YOU REALLY NEED TO DO CONSIDERABLE REGROUPING,DEVELOP A VIABLE PLAN ANDMAKE SURE THIS KIND OFBREAKDOWN IN THE PROCESSWON’T OCCUR AGAIN.– REP. DAVID E. PRICE

“The biggest thing that has changed,” Nelson said, “is the belief that only light rail could drive significant economic development.”

He added: “It was believed that the billion dollars worth of development that was supposed to happen around a station could only happen if we have light rail; the buses couldn’t drive that,” Nelson said. “But we’ve seen in other areas that welldesigned [BRT plans] can be a major driver.”

Though the early feasibility and other studies for the light rail spoke of “exhaustive” public engagement campaigns, these kinds of complicated programs can take so long that whatever is gleaned can soon become outdated. The light rail plan might have been perfect for the market at the time of its origin, Milazzo said, but “the market is different now. There are simply more people.”

“You should never be amazed how long it takes transportation projects to get built,” Milazzo said. “You should be amazed anything gets built to begin with.”

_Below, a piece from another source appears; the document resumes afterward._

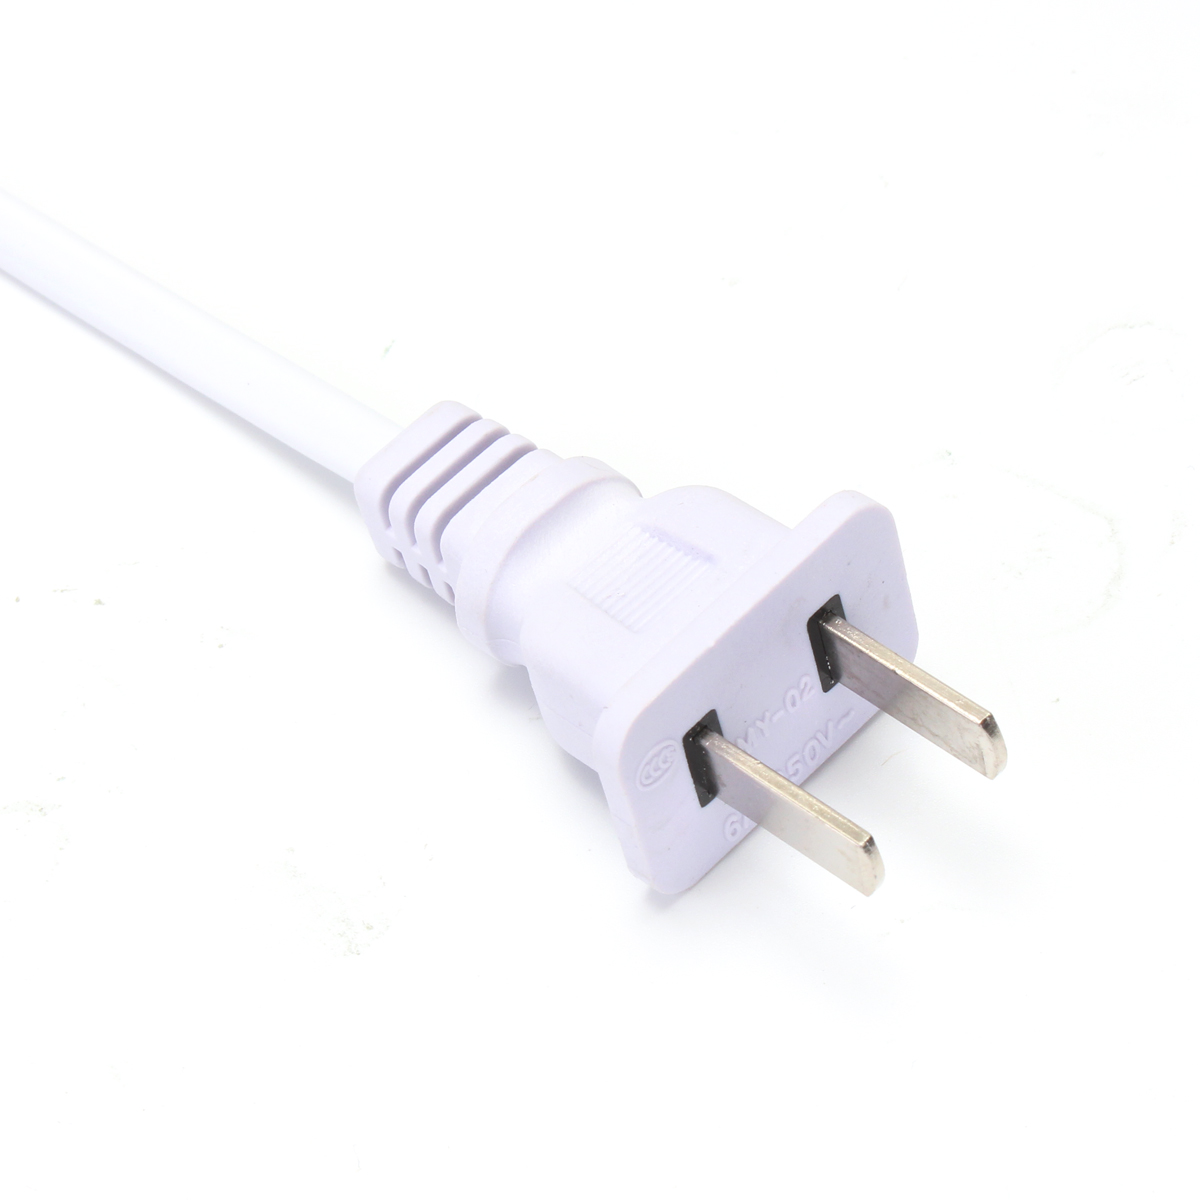 10CM-E27-Flexible-Bulb-Adapter-Lampholder-Socket-with-Clip-Dimming-Switch-EU-US-Plug-for-Pet-Light-1309715

Bassett said the urgency is no longer hypothetical. In many ways the transit issue is like climate change: The dire effects of inaction are not coming – they are here.

“The connectivity point is the interstate system,” Bassett said, “and Orange County’s portion of that interstate system is two lanes in both directions.”

The narrow outlet regularly leads to rush-hour traffic that stalls from 15-501 to the I-85/I-40 split near Hillsborough, a distance of some 15 miles.

“In the 21st century-thinking about jobs and employees, the world shifted a couple of years back: Workforce began to dictate company location,” Bassett said. “It’s more about creating a quality of life that functions and works for individuals.”

It is a big part of why Amazon, Google and other major companies, which have decided against our area as major expansion points, choose their locations.

Time is limited, and these things take time.

Rep. David E. Price might concur. Price represents parts of Orange, Durham and Wake counties and is a ranking member of the House Transportation, Housing and Urban Development Subcommittee. He was a significant advocate for the light rail plan and for the federal funding. When the plan ended, he called it a historic setback.

This time, he said, leaders simply have to do better.

“One doesn’t just submit a new plan to the FTA at the drop of a hat,” he said. “You really need to do considerable regrouping, develop a viable plan and make sure this kind of breakdown in the process won’t occur again.